Xtesting = df.iloc[19:29]
Xtraining = df.head(19)
ytraining = final["logclose"][0:19]
ytesting = final["logclose"][19:29]
reg = LinearRegression().fit(Xtraining, ytraining)
model = LinearRegression()
model.fit(Xtraining,ytraining)
r2 = reg.score(Xtraining, ytraining)
The MSE for the model is 0.0011 which seems fine, but the r square value is 0.018 which is surprisingly and extremely low. We will need to explore other variables to obtain a better fit.
LASSO
Last but not least, for LASSO model, for the dependent variable, we use daily close price. And for the independent variables, the five categories for sentiment are used. In this part, we again separate the model into training and testing sets.
Lasso
from sklearn.linear_model
is used to fit model, and mean_squared_error
and mean_absolute_error
from sklearn.metrics
are used to calculate errors.
train = X[:20]
test = X[-8:]
price = merged
r2_train = []
r2_test = []
mae_train = []
mse_train = []
mae_test = []
mse_test = []
# Perform Lasso
# Define X, Y
x_train = train
y_train = [float(x.replace('$','').replace(',','')) for x in list(price['Close'])][:20]
x_test = test
y_test = [float(x.replace('$','').replace(',','')) for x in list(price['Close'])][-8:]
# Perform Lasso
lasso = Lasso(normalize=True)
lasso.fit(x_train, y_train)
# Get predicted Y
y_train_p = lasso.predict(x_train)
y_test_p = lasso.predict(x_test)
# Get R Square, MAE, MSE
r2_train.append(lasso.score(x_train,y_train))

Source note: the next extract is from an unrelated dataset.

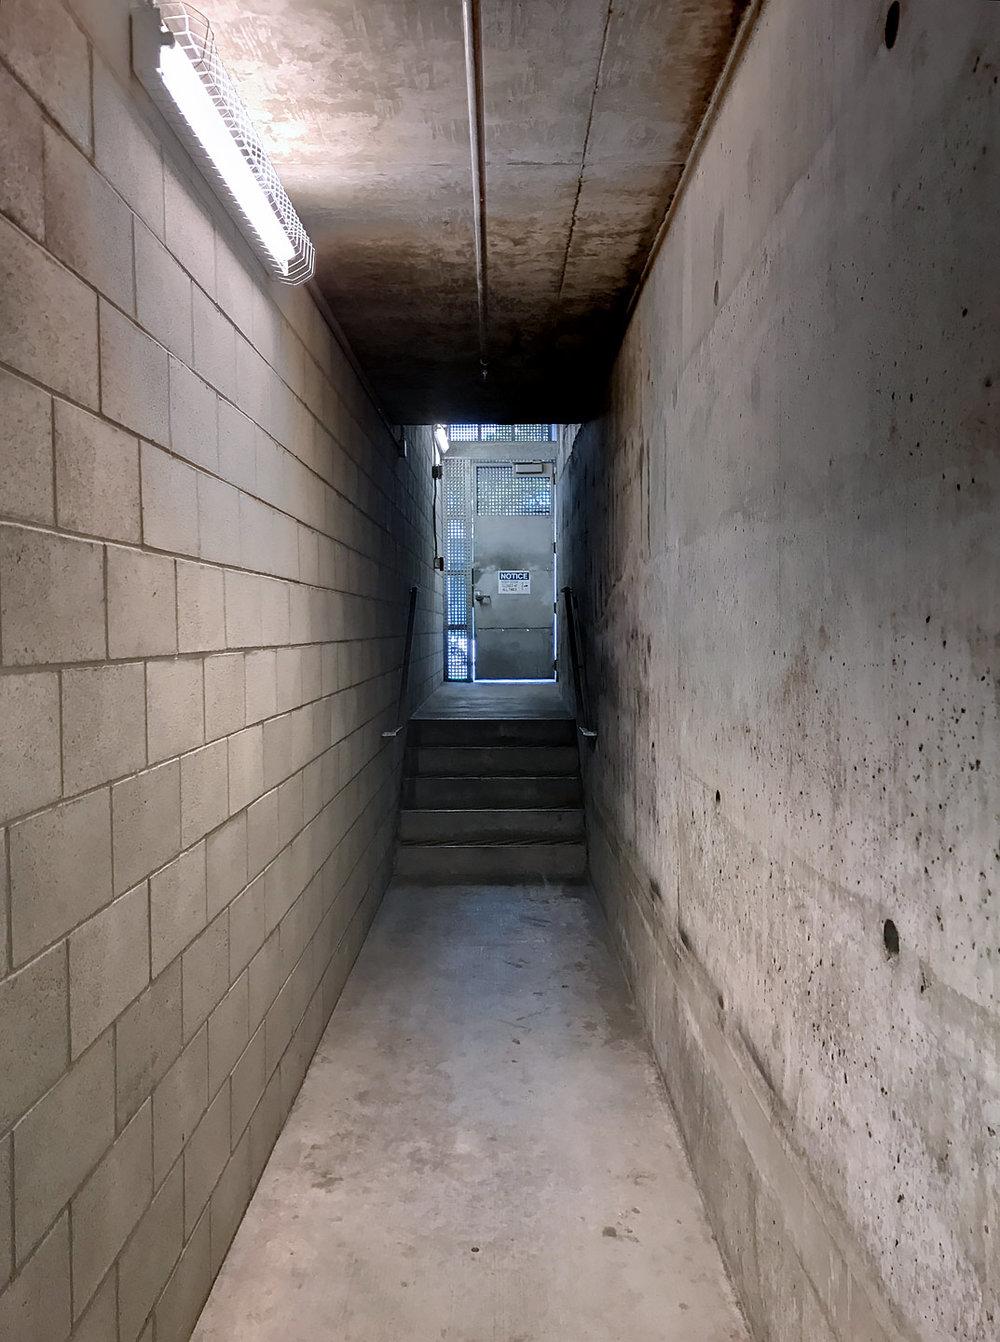 YBL Hallways - 02.jpg

r2_test.append(lasso.score(x_test,y_test))
mae_train.append(mean_absolute_error(y_train, y_train_p))
mse_train.append(mean_squared_error(y_train, y_train_p))
mae_test.append(mean_absolute_error(y_test, y_test_p))
mse_test.append(mean_squared_error(y_test, y_test_p))
# Collect factors selection frequency
# Prediction error
summary = pd.DataFrame(index = ['In-Sample','Out-of-Sample'])
summary['R Square'] = [sum(r2_train),sum(r2_test)]
summary['MAE'] = [sum(mae_train),sum(mae_test)]
summary['MSE'] = [sum(mse_train),sum(mse_test)]
#summary_avg = summary/len(stockid)# Averaged by all stock ids
Compared with the result from the linear regression model before, the in-sample R square improves a lot reaching 0.5414. However, the out-of-sample R square being negative is very weird which we have to take a closer look into.
Conclusion
To conclude, for now, we can say that the sentiment is somehow correlated with the price change. Among all three models we fit, in terms of r square, Lasso Regression seems to out compete the other two models, but the problem here is that the mechanism of Lasso Regression seems to deviate from the feature of our dataset and the purpose of our project. LASSO is usually used to shrink the number of coefficients to make variable selection. However, we don’t have many variables for our dataset.
All in all, strictly speaking, these models all need to be further improved to achieve better results. And we still need to explore more data variables and try more models to define a specific relationship of what we want to explore. We will discuss other possible flaws in our later challenge part.